### Your task
Below are some records. Print exactly the lines between the one holding "1 gram AK-47" and the one holding "Zara Home Banque d'image et photos - Alamy", inclusive, and nothing else.

### Records provided
• • • •

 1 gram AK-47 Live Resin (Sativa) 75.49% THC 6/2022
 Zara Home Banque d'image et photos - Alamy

• • • •

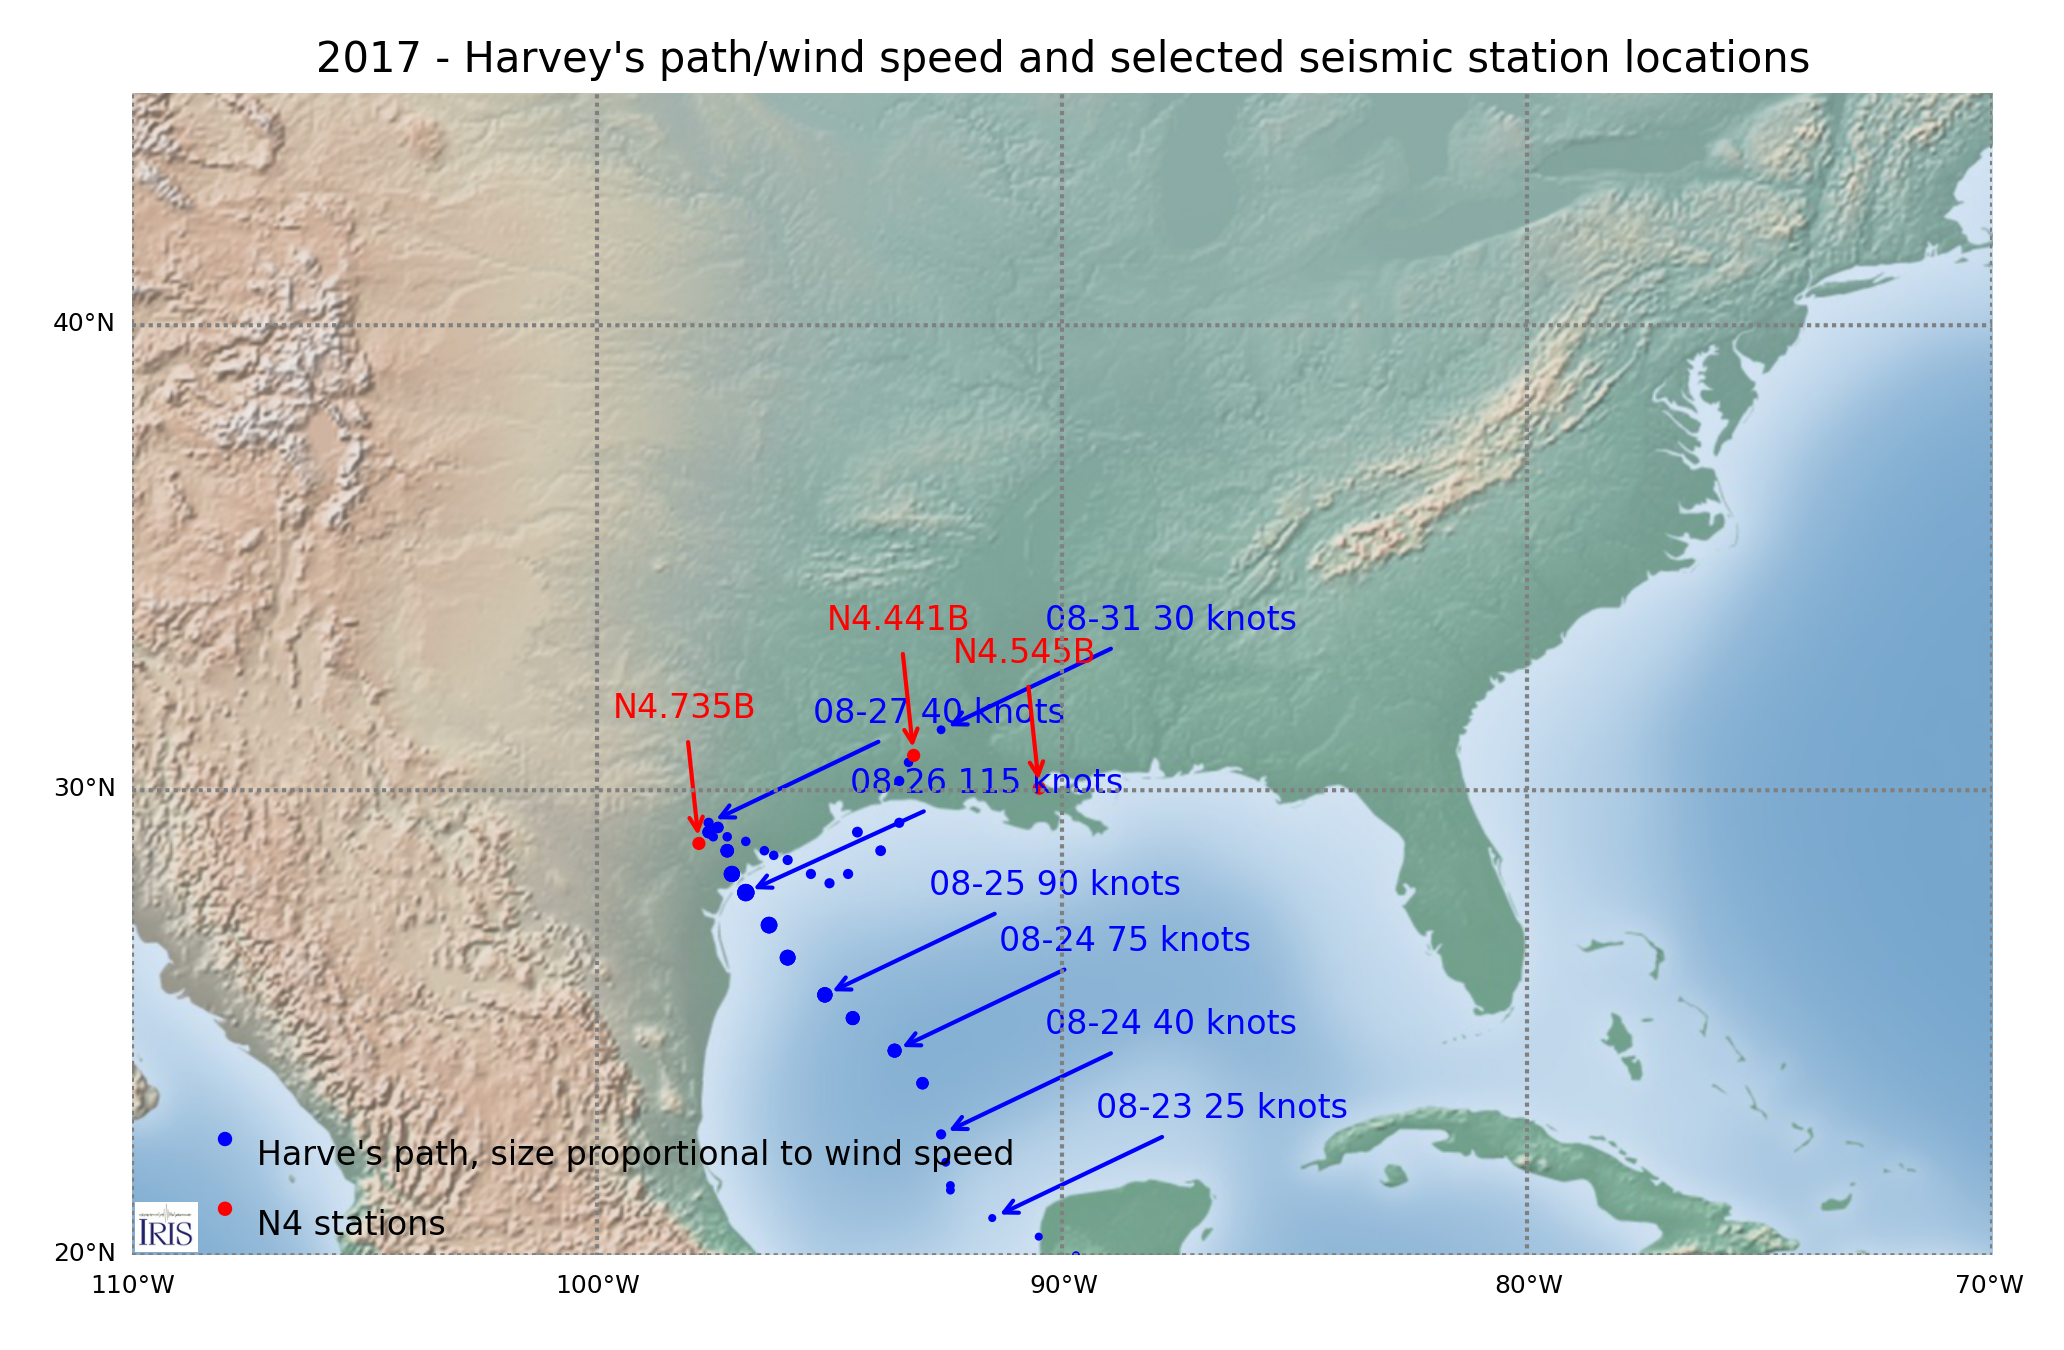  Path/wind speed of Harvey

• • • •

### The answer
 1 gram AK-47 Live Resin (Sativa) 75.49% THC 6/2022
 Zara Home Banque d'image et photos - Alamy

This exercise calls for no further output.